YOUR ASSIGNMENT: When you find the line with "repurposed wood pallet" among the records below, reproduce it and each line after it exactly, ending with the line with "John R Walker".

Start of THE INPUT

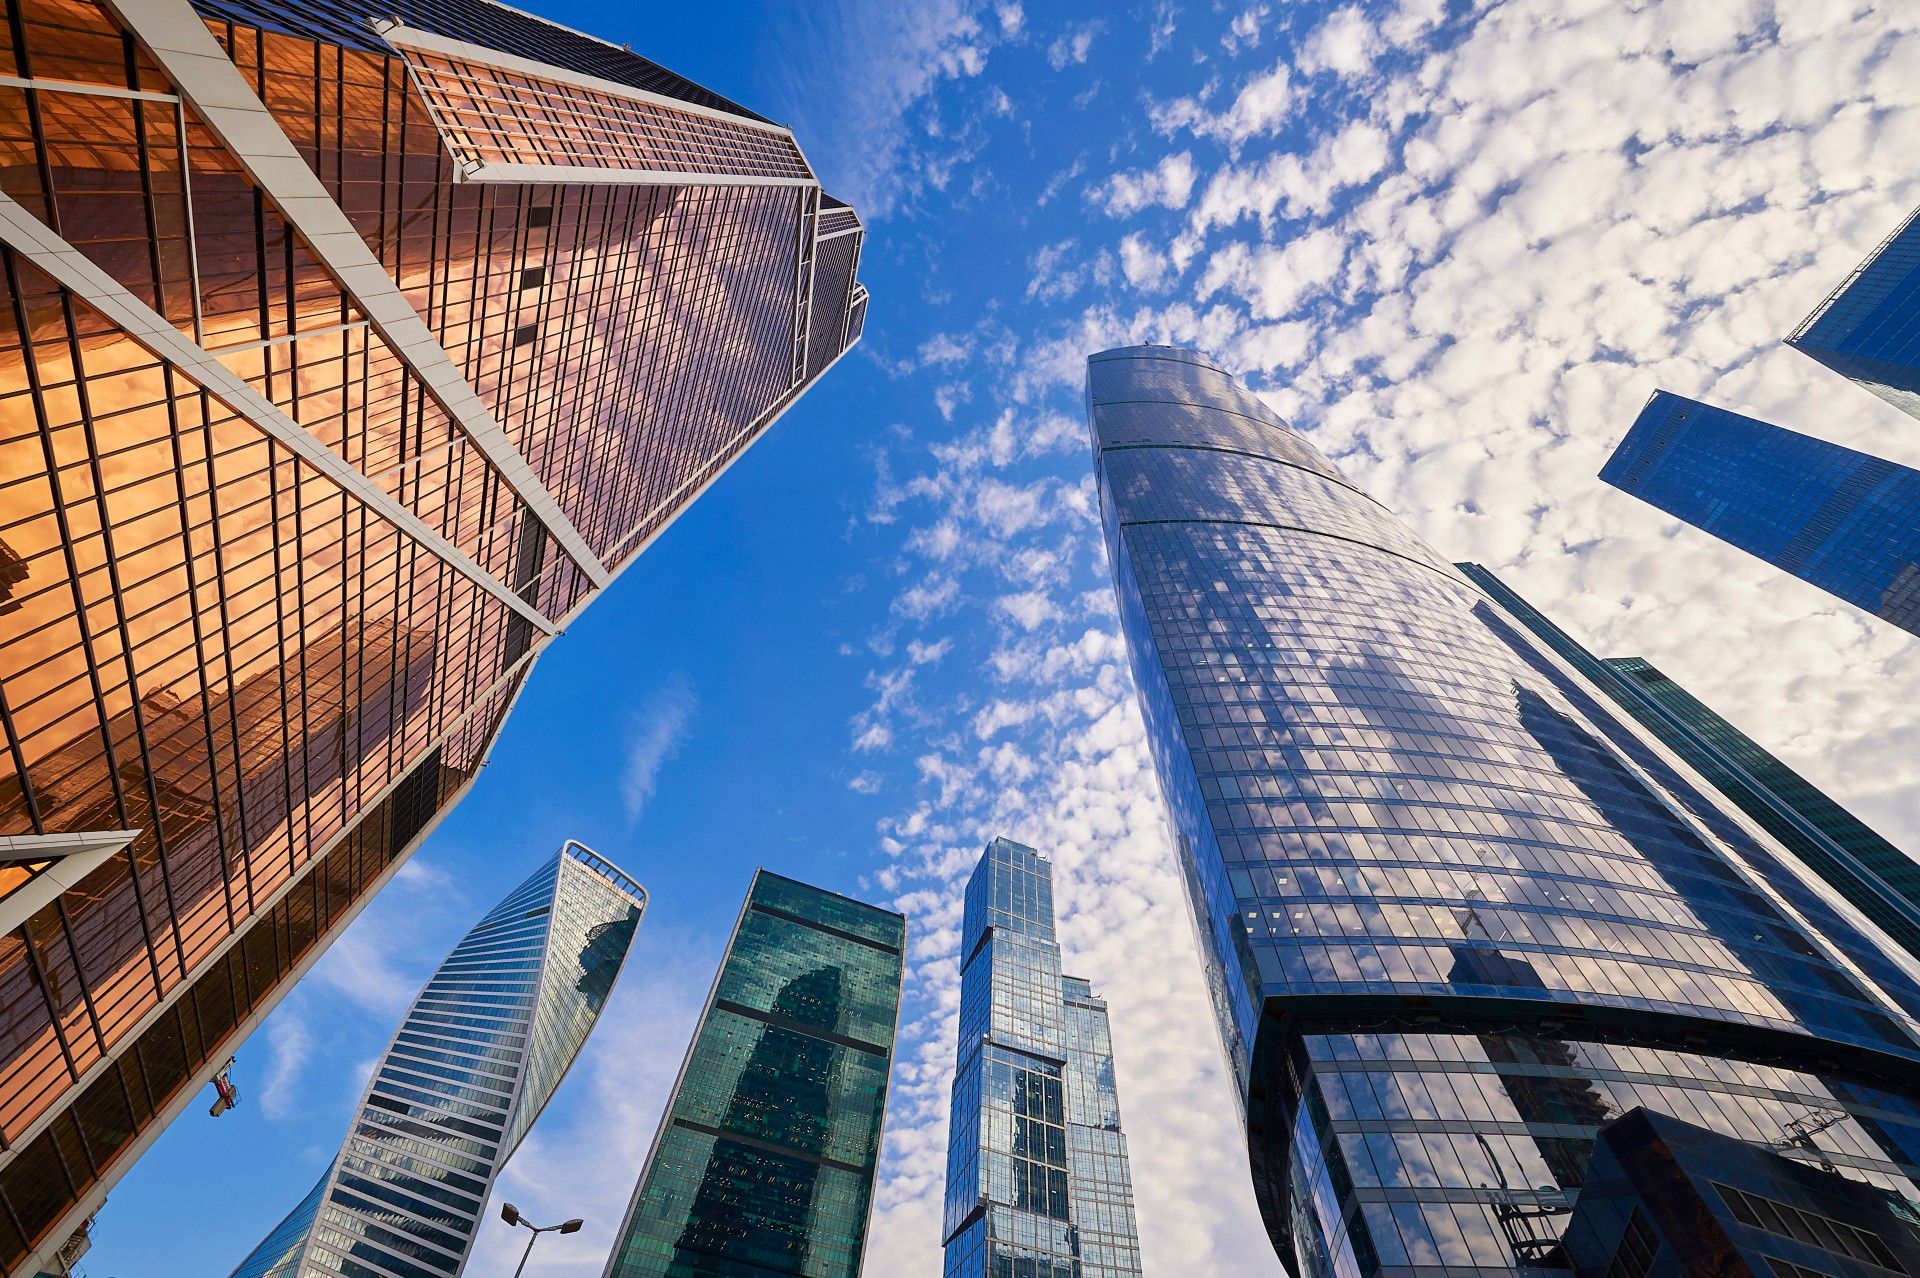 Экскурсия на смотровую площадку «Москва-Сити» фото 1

End of THE INPUT
Start of THE INPUT

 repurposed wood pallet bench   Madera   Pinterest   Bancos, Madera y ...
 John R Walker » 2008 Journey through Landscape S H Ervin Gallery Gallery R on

End of THE INPUT

WRITTEN RESPONSE:
 repurposed wood pallet bench   Madera   Pinterest   Bancos, Madera y ...
 John R Walker » 2008 Journey through Landscape S H Ervin Gallery Gallery R on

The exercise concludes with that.